Yes, it was 10 years since Coppola last directed a movie (1997's forgettable The Rainmaker) and far longer since he had made a film. This and his follow-up, Tetro, are testaments to the resulting beauty of an artist rediscovering the love for his medium without the oppressive hand of a studio suit telling him how to be creative. These are indie arthouse films distilled from the mind that almost died under the bloated epicness of Apocalypse Now and all its fallout (Jack, anyone?).
I'm still trying to digest YWY. It's part Phenomenon, part Benjamin Button, part Mulholland Drive. I would go so far to say that it is a science fiction film, albeit one with far loftier ambitions than your standard time travel by the numbers fare. Not that it's a time travel movie...although it's not exactly not one either. Ok, let's go to the man himself, FFC, who calls it a meditation on time and on consciousness...a beautiful love story, or a mystery.
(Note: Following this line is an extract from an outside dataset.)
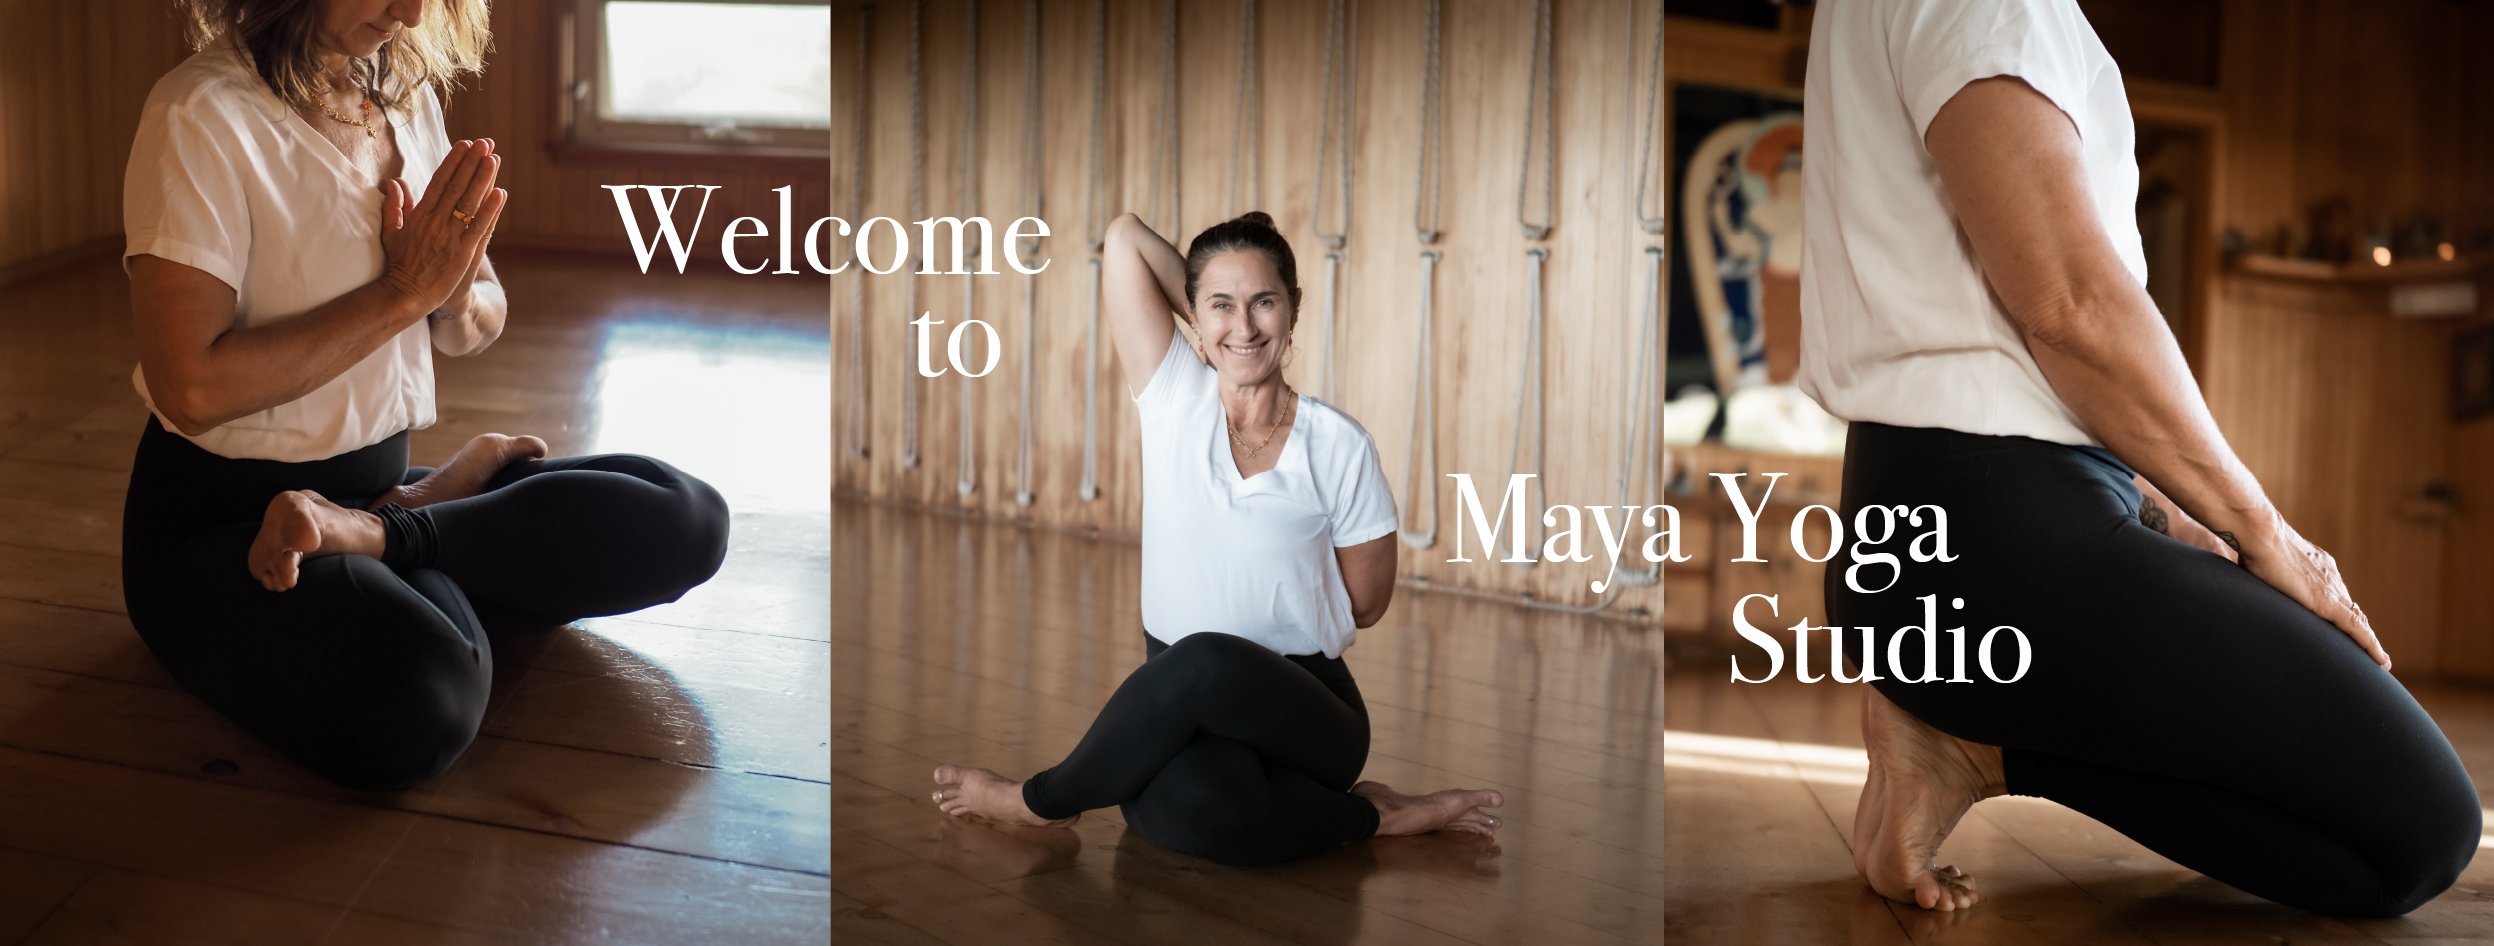 Maya Yoga Studio
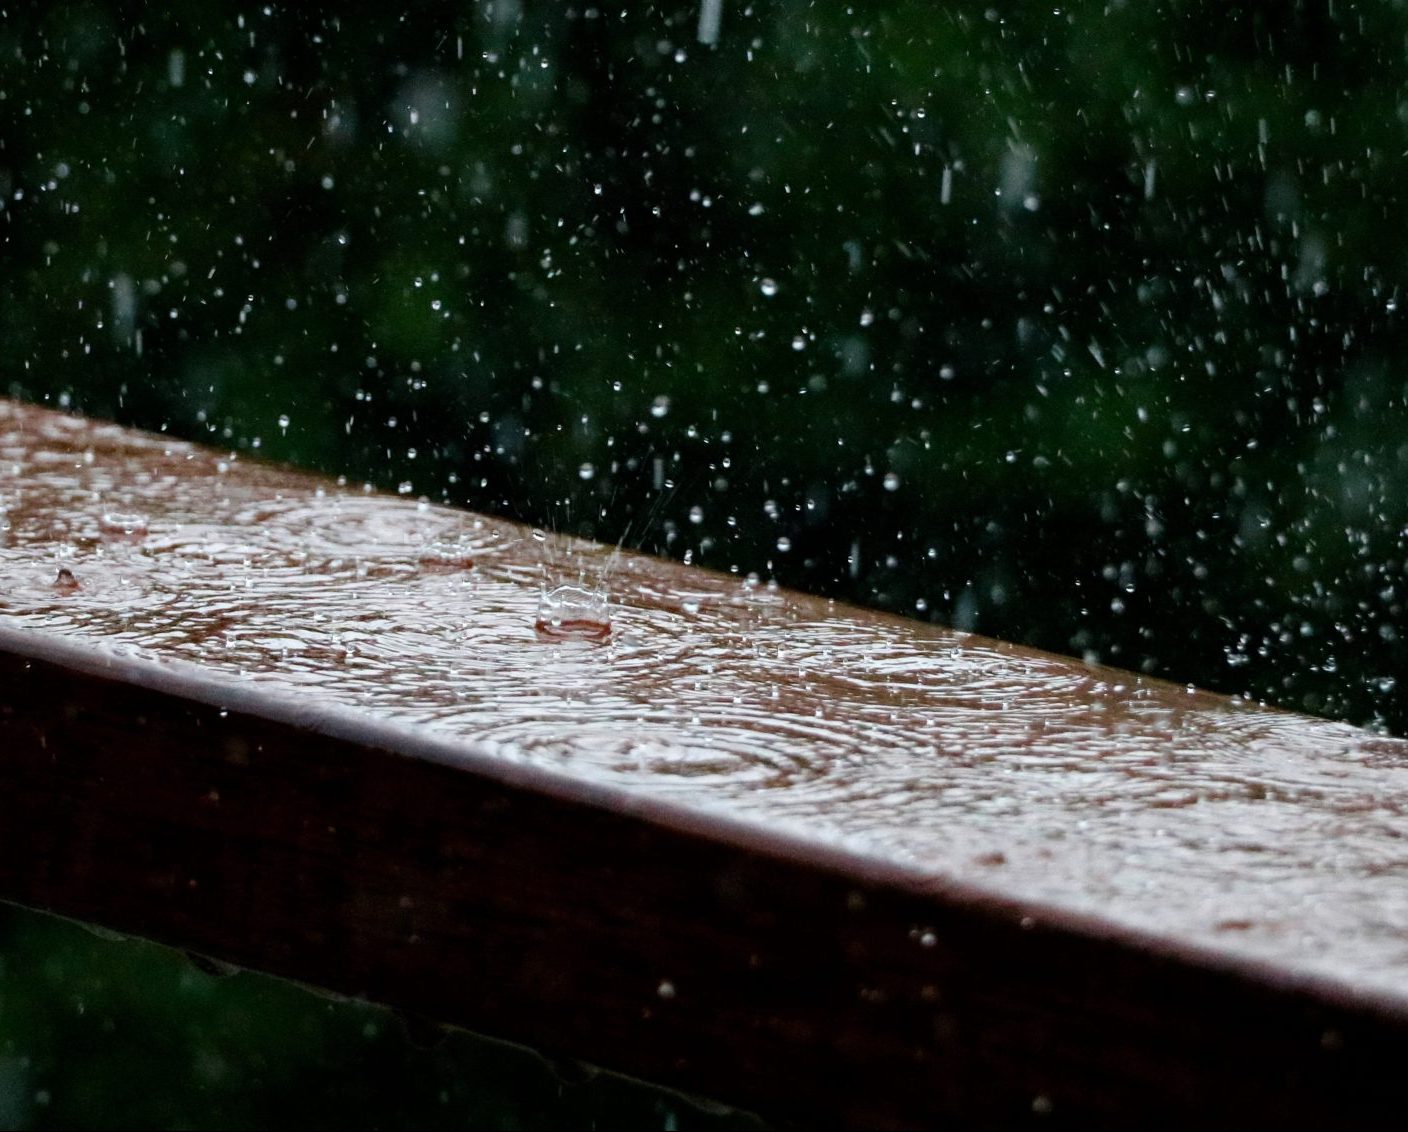 Rain drops fall upon a wooden surface

Well, that clears things up.
The source material was a 1976 novella by Romanian author Mircea Eliade about a professor (Tim Roth) who gets hit by lightning and starts a "new life with startling intellectual capacity". What's real and isn't, what happens and doesn't, is never clearly resolved. But thought-provokingly, not frustratingly. It's a film about ideas, or rather, the meaning and origin of ideas. I can't wait to hear Vin's take (yep, I saw a FFC film before him. Boom!)
Ok...so Amazon finally dropped the price on this Blu Ray to a reasonable price...I will get it here by Wednesday...so I will try my best to watch it and listen to the commentary as soon as I can so I can add to Franks ideas...as for the film I would like to know if he liked to better or not to Tetro?
ReplyDeleteI liked Tetro better.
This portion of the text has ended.